I più penetranti, e quindi i più pericolosi, sono quelli con lunghezza d’onda più corta, ossia gli UVC e gli UVB. Gli strati alti dell’atmosfera - quelli tra 20 e 50 km di altezza ove vi la massima concentrazione di ozono - assorbono integralmente i raggi UVC e parte degli UVB. La radiazione UV che raggiunge la superficie terrestre è costituita essenzialmente da UVA e, in misura minore, da UVB. Ovviamente la frazione di raggi UV che raggiunge la superficie terrestre varia nel tempo e nello spazio.

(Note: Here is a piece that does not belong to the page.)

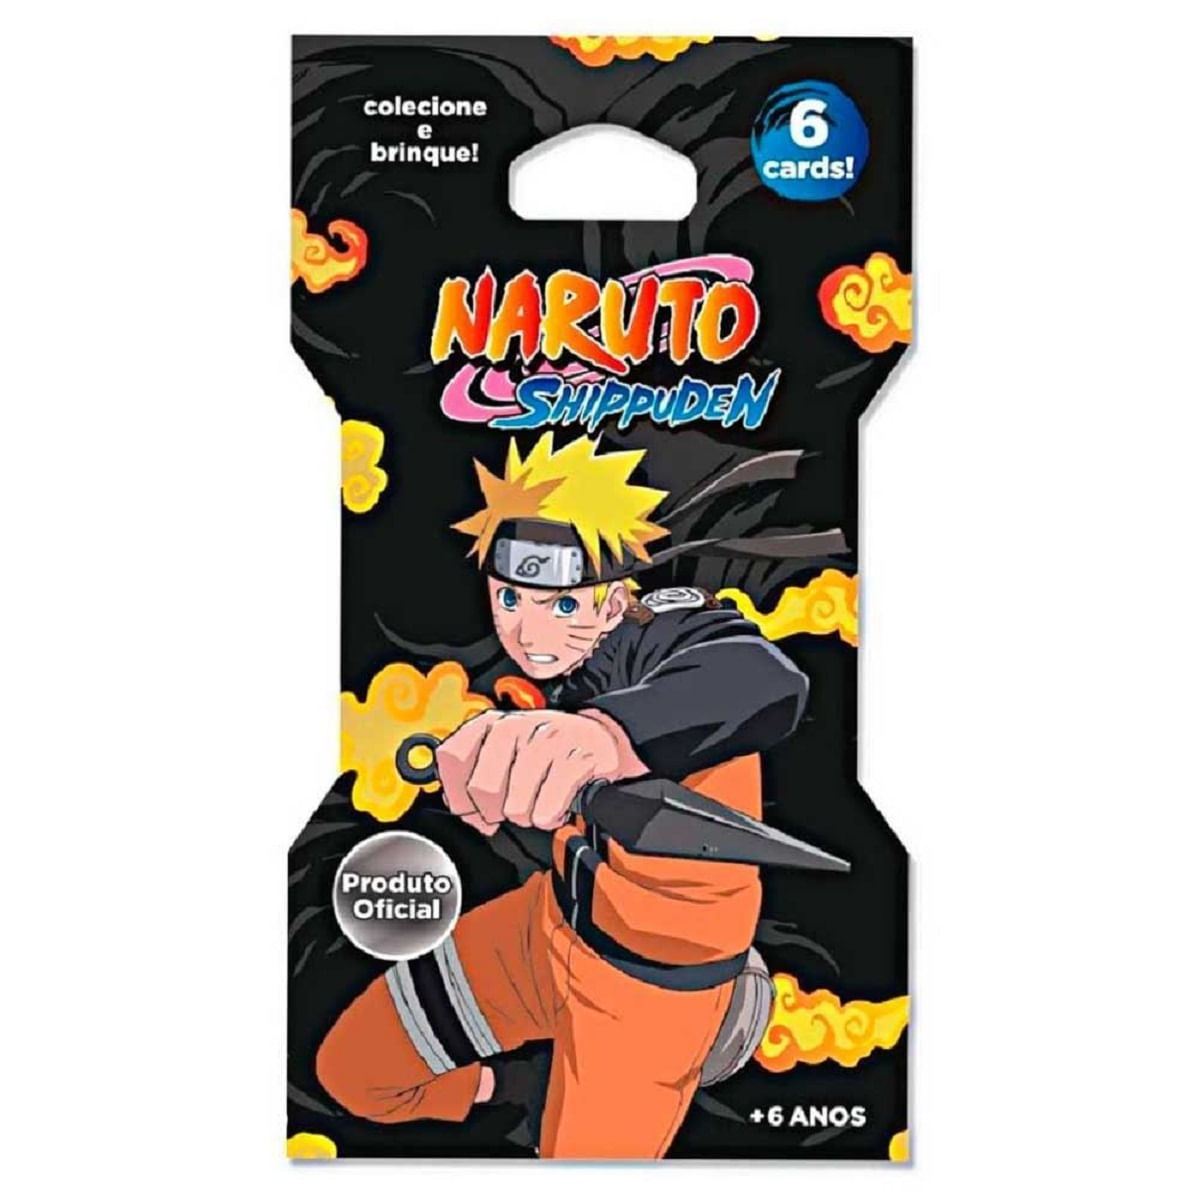 Quebra Cabeça Do Naruto C/200 Peças 2 Formas De Montar - Elka

Ecco, al riguardo, un elenco dei fattori dai quali dipende la dose di raggi ultravioletti in arrivo al suolo:

  • ora del giorno: circa il 20-30% circa degli UV arriva tra le 11 e le 13 locali mentre il 75% del totale è concentrato tra le 9.00 e le 15.00;
  • stagione: nelle regioni temperate gli UV hanno massima intensità in estate, minima in inverno;
  • latitudine: il flusso annuale di raggi UV è massimo all’equatore e minimo ai poli; • nuvole: in generale le nubi diminuiscono la quantità di energia solare in arrivo. La frazione in arrivo al suolo si riduce del 25 % circa con cielo molto nuvoloso e del 70% con cielo coperto;
  • altitudine: l’intensità degli UV aumenta con la quota. Ad esempio, in estate a 3000 m la radiazione è quasi quattro volte più intensa che a 700 m. In inverno gli UV si riducono, rispetto all’estate, di otto volte circa in montagna e di sedici volte in pianura;
  • riflessione: la parte riflessa dalla superficie terrestre e dai mari è bassa (inferiore al 7%), tuttavia il tipo di superficie può fare davvero la differenza: manti erbosi e specchi d’acqua riflettono meno del 10% dei raggi incidenti, la sabbia riflette circa il 25% dei raggi UVB, mentre la neve fresca arriva a rifletterne circa il 80%. Ecco perché in montagna i raggi UV sono più insidiosi: all’effetto riflessione da parte della neve si aggiunge infatti anche l’effetto altitudine.